▸ Exercise goal: The data below should be restated word for word, with every picture omitted.

▸ Recorded information:
────────

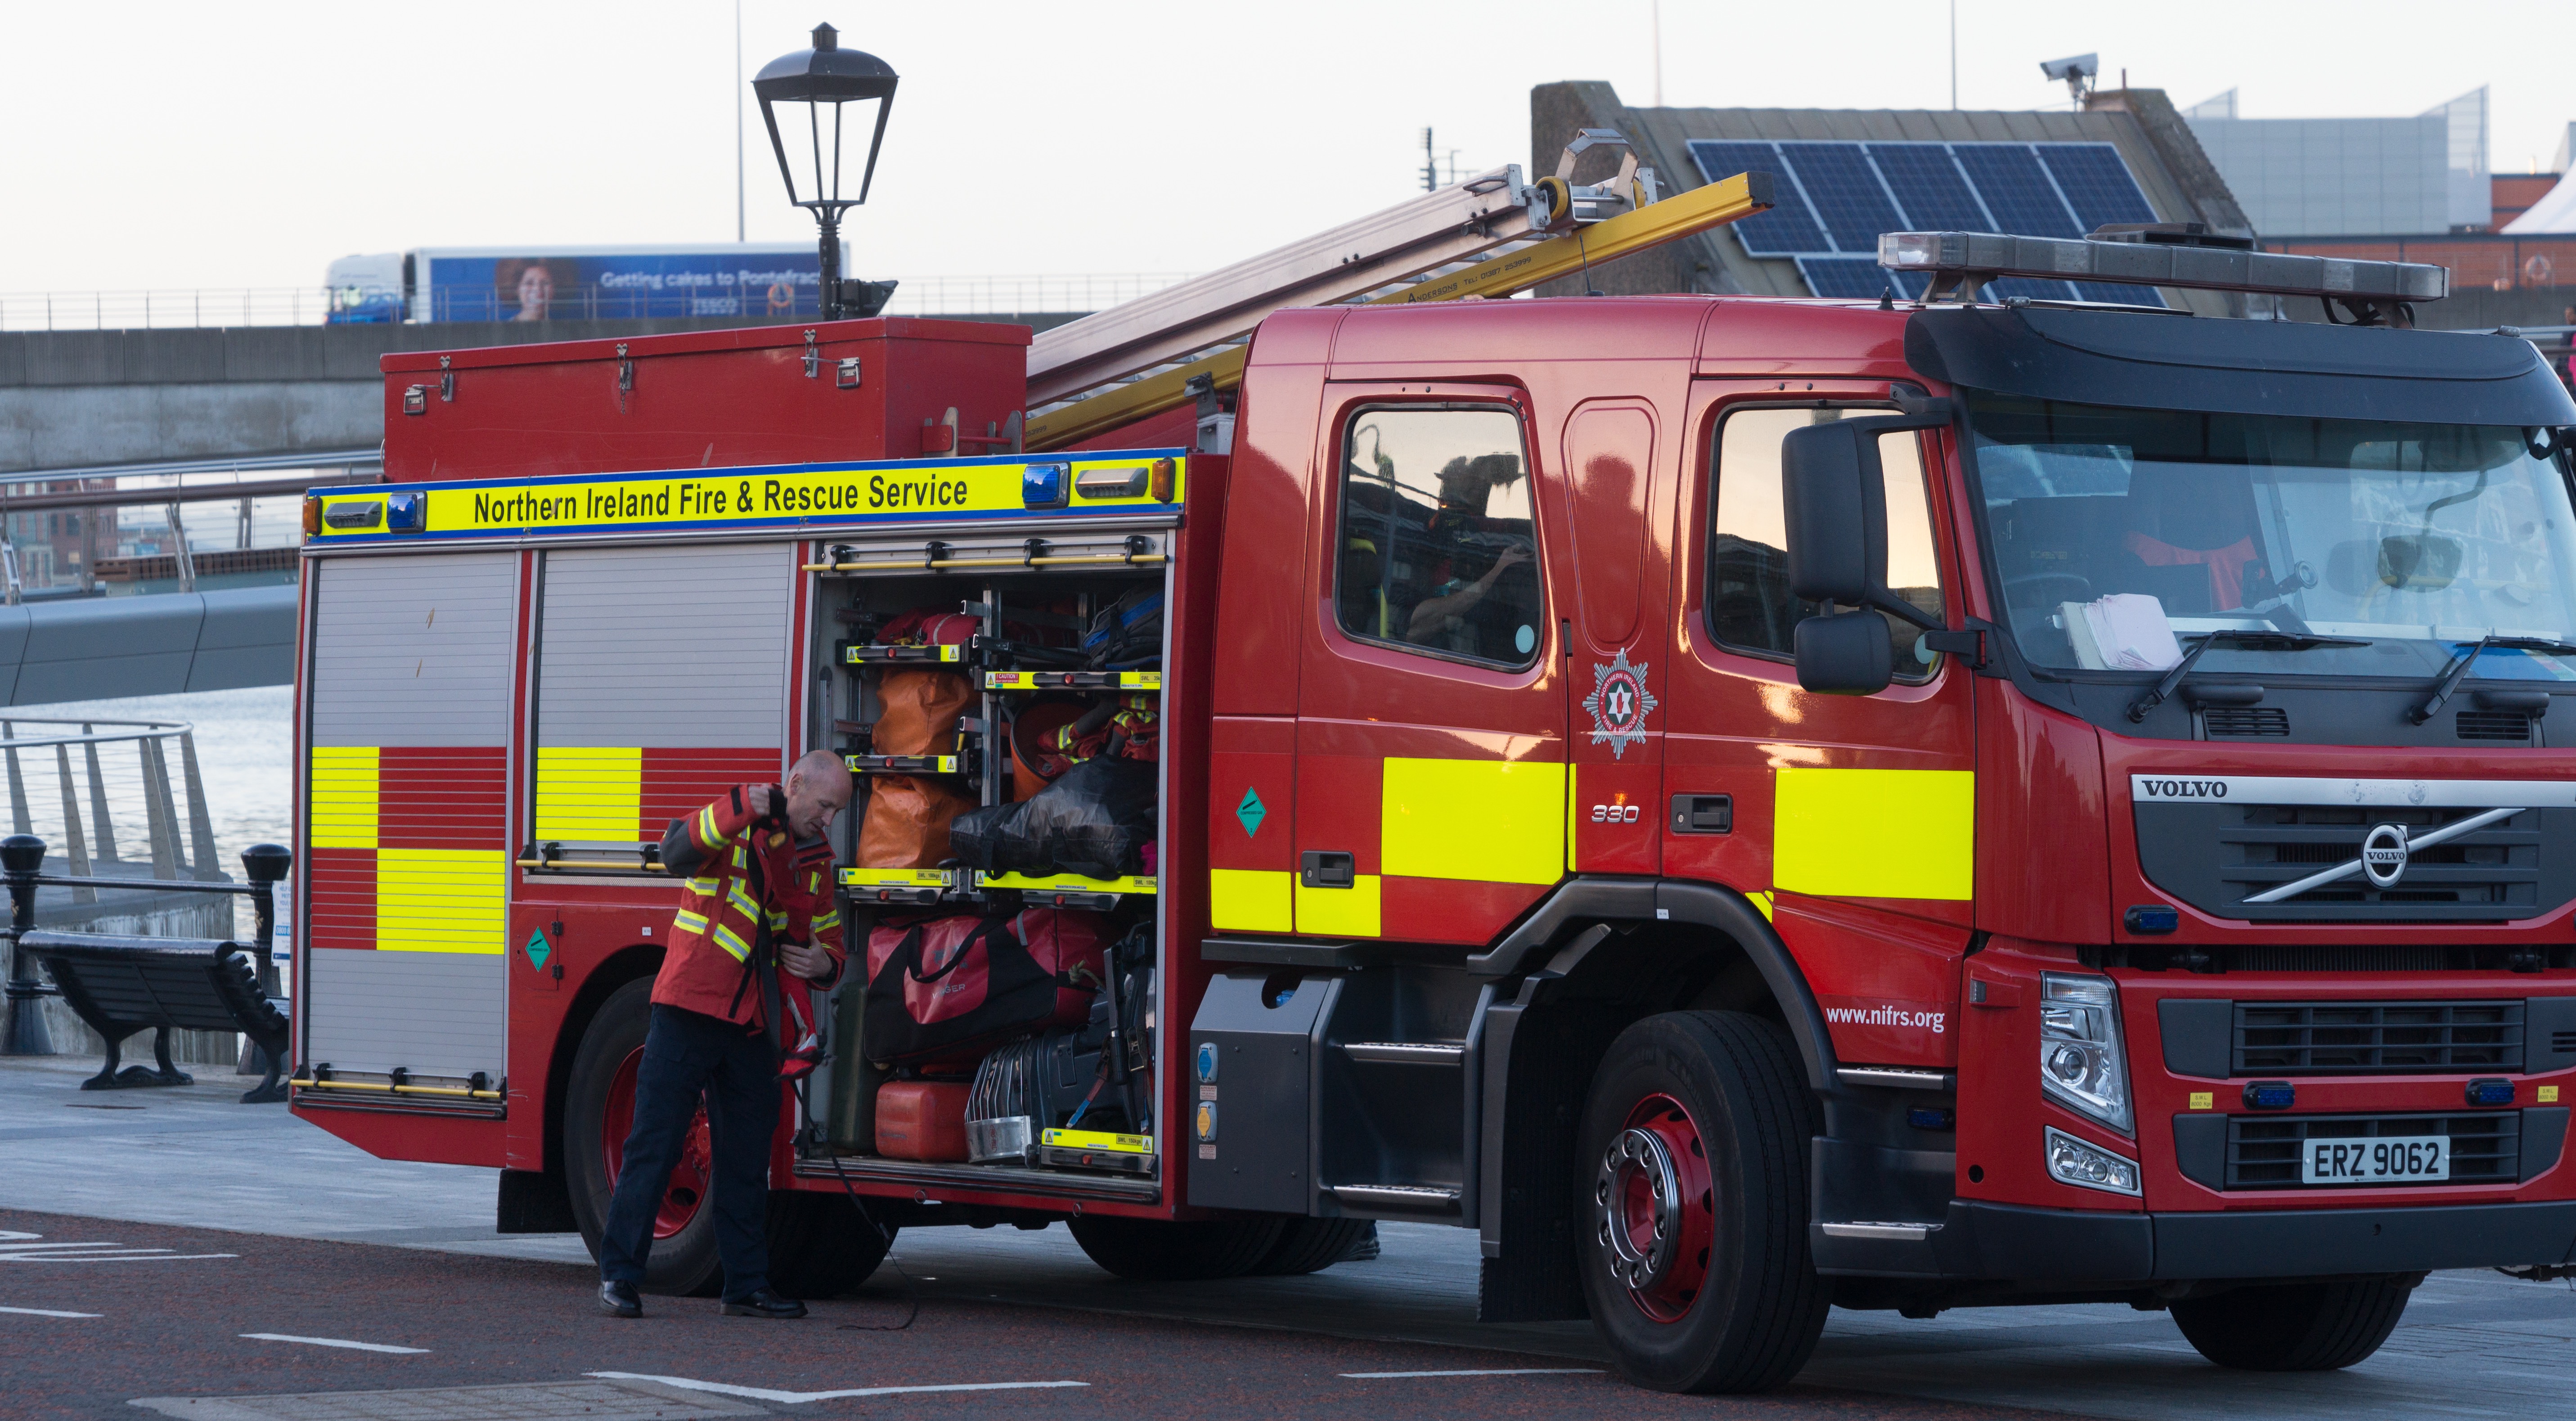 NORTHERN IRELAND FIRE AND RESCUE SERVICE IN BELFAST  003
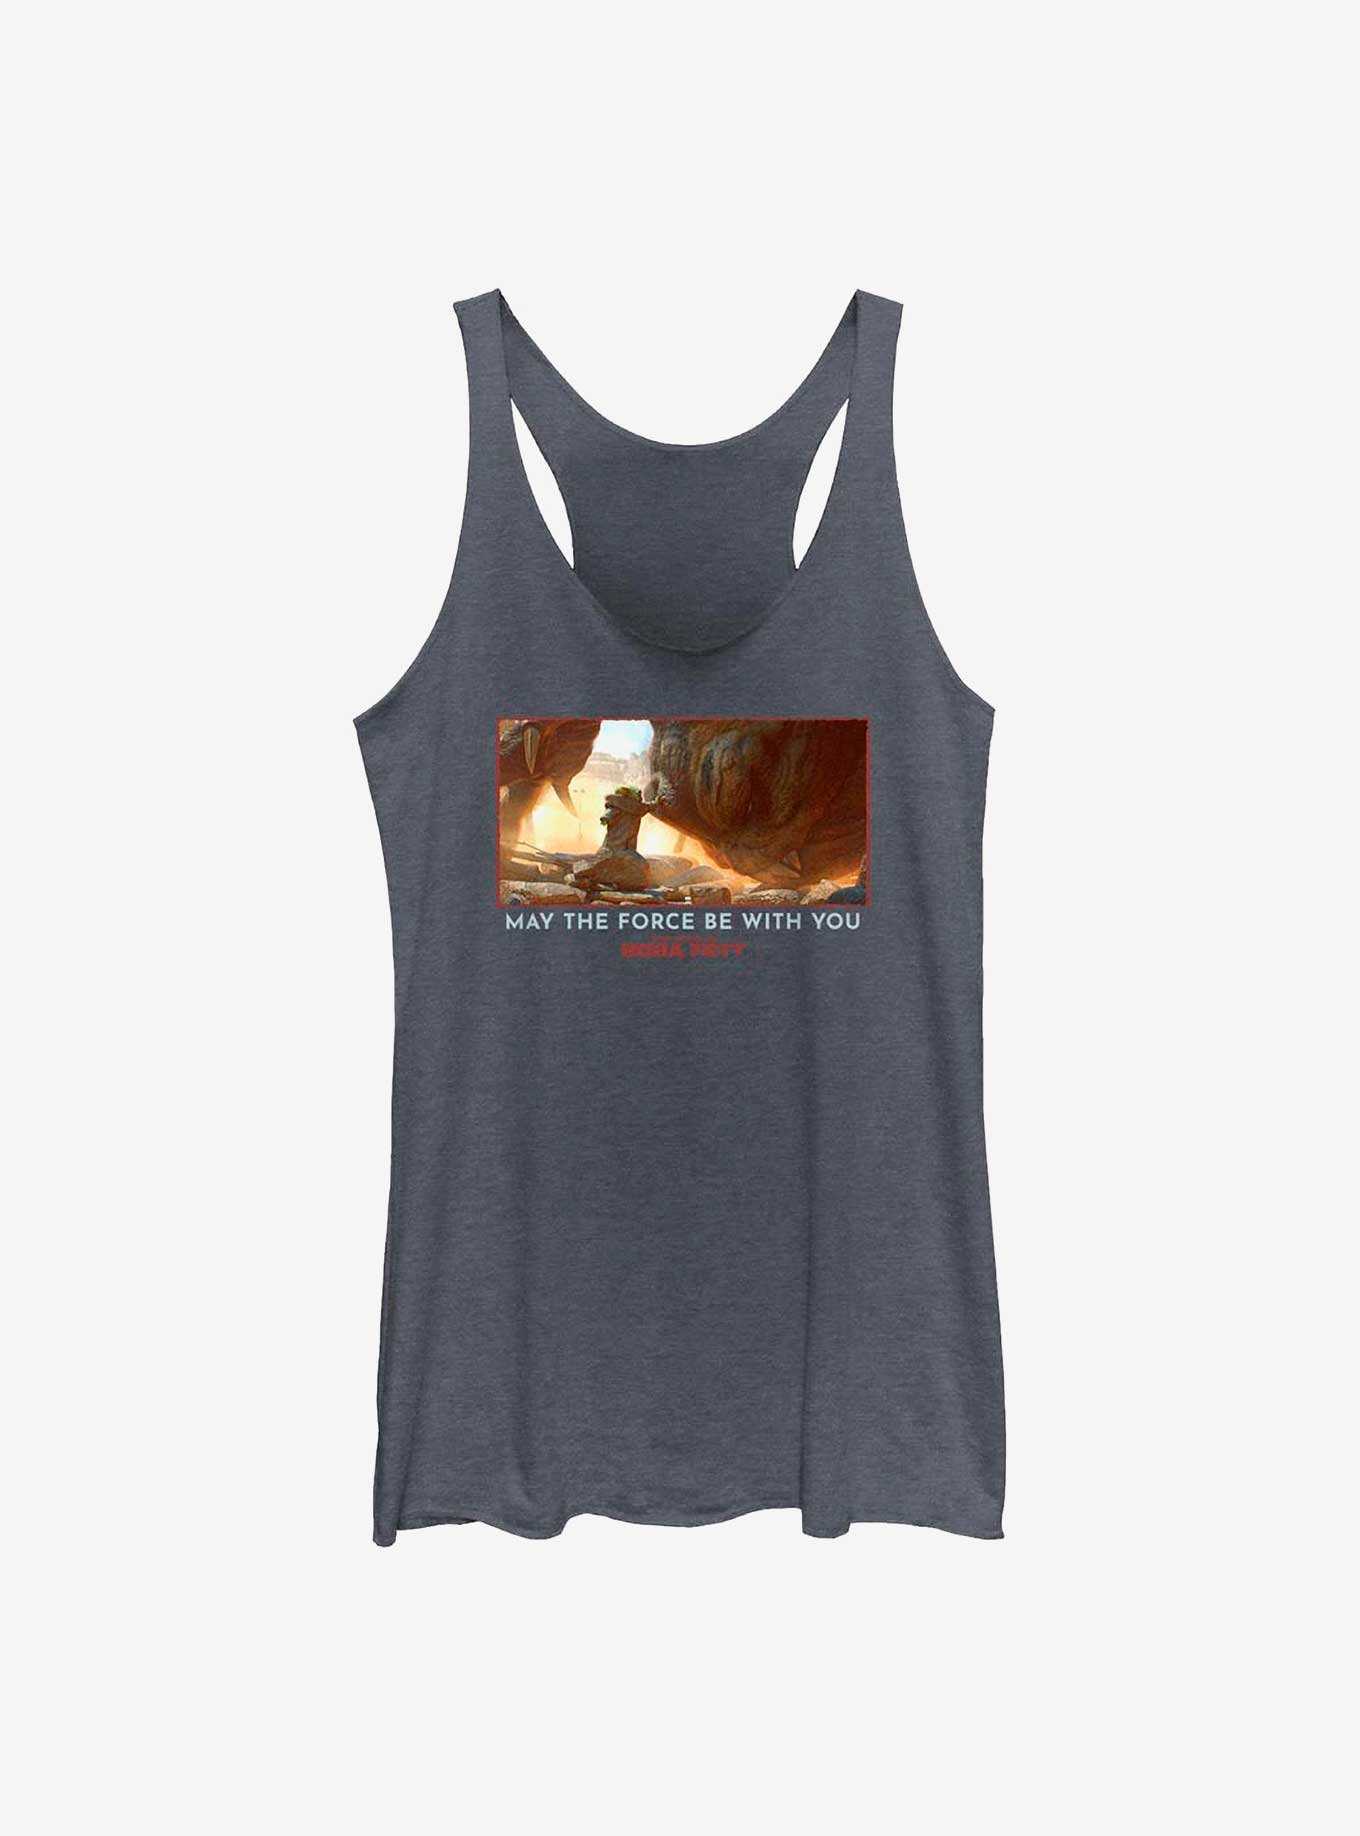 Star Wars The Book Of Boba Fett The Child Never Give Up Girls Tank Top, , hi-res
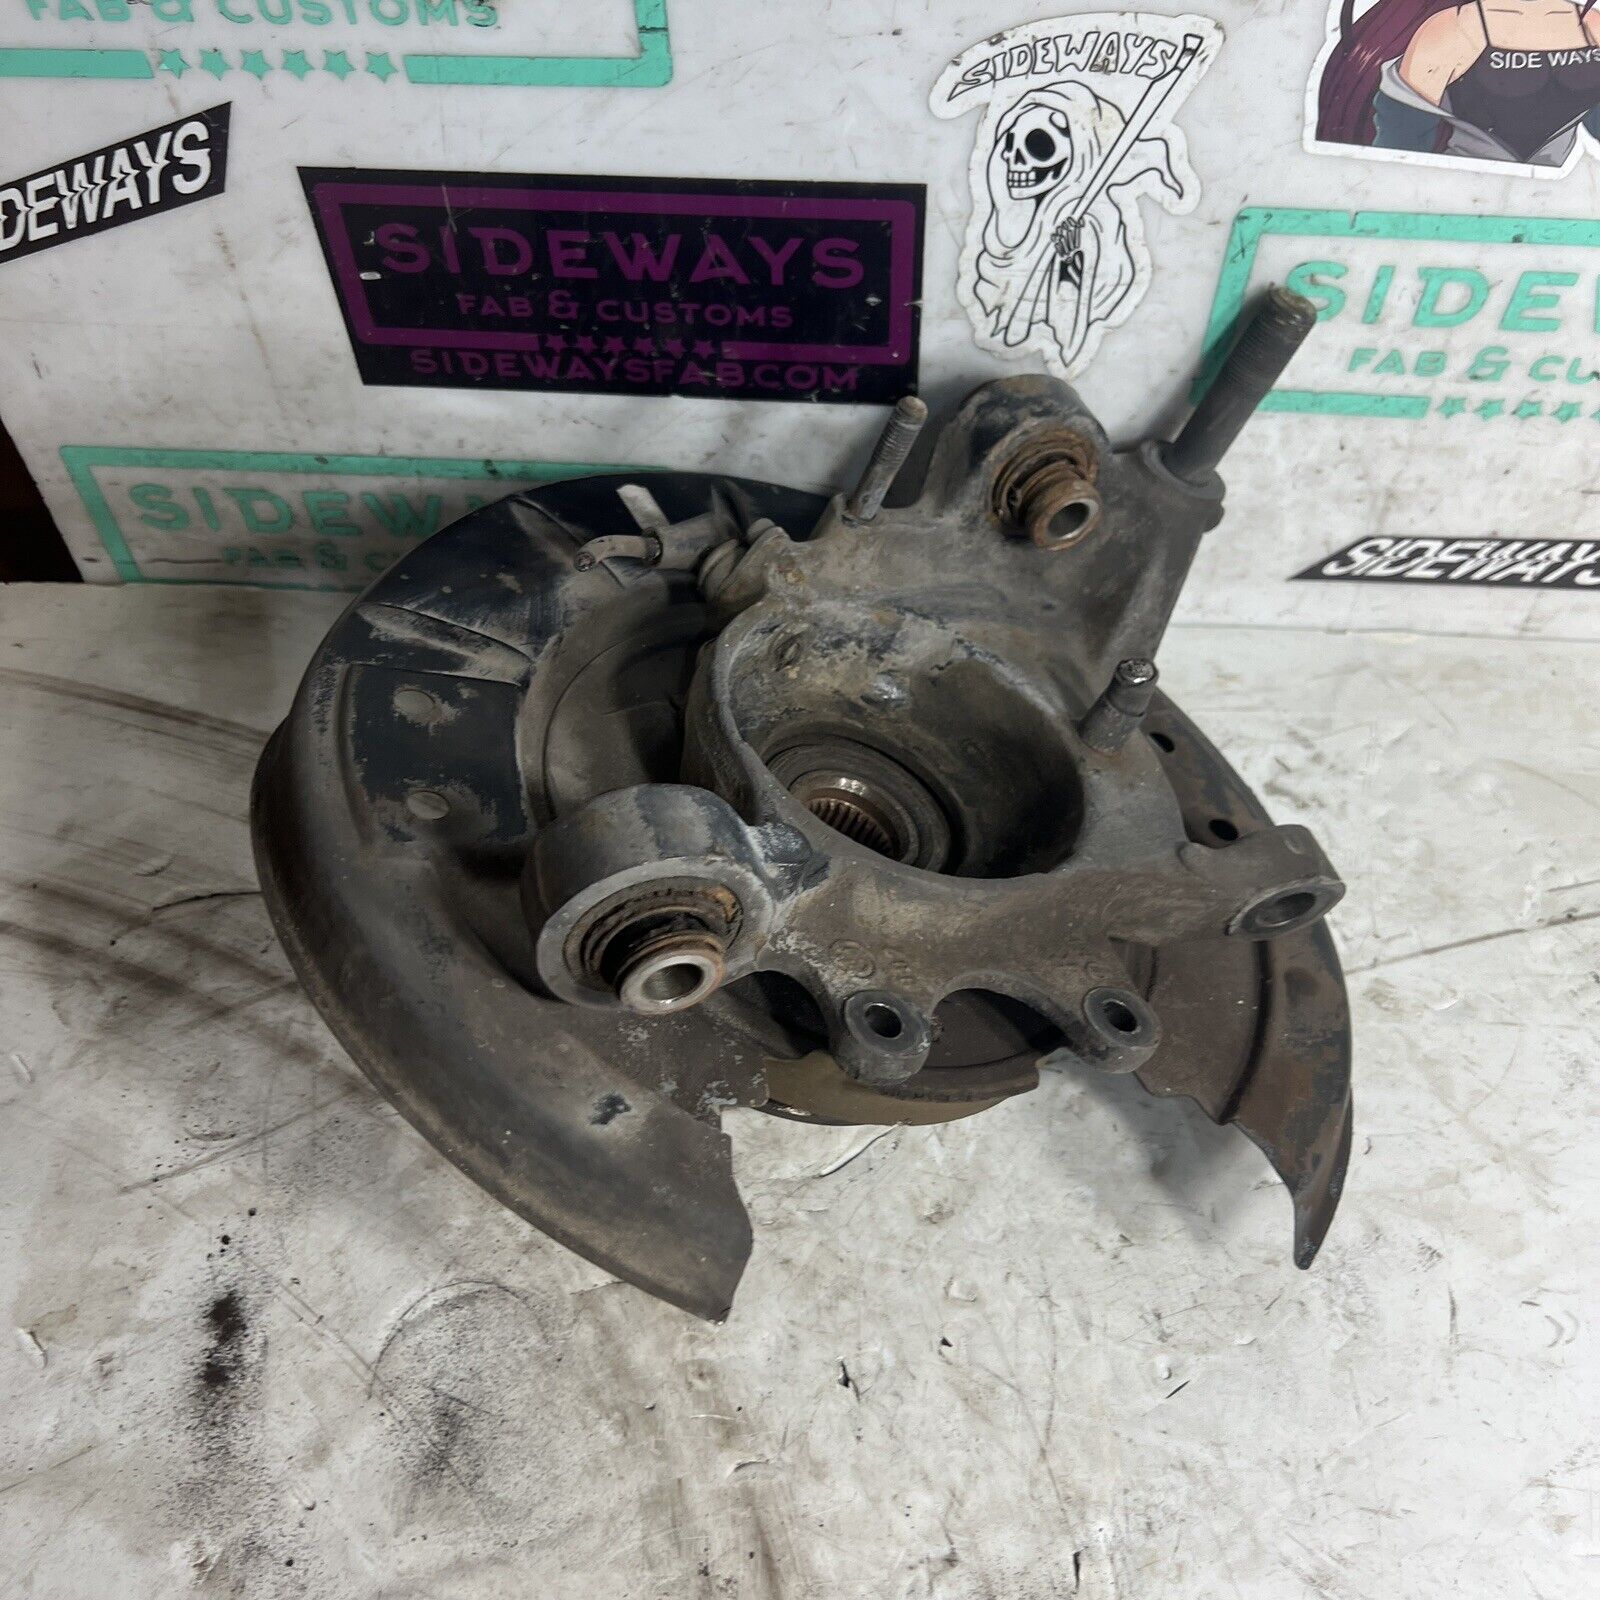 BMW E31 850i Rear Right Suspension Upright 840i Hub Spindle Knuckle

────────

▸ Answer to this exercise:
 NORTHERN IRELAND FIRE AND RESCUE SERVICE IN BELFAST  003
 Star Wars The Book Of Boba Fett The Child Never Give Up Girls Tank Top, , hi-res
 BMW E31 850i Rear Right Suspension Upright 840i Hub Spindle Knuckle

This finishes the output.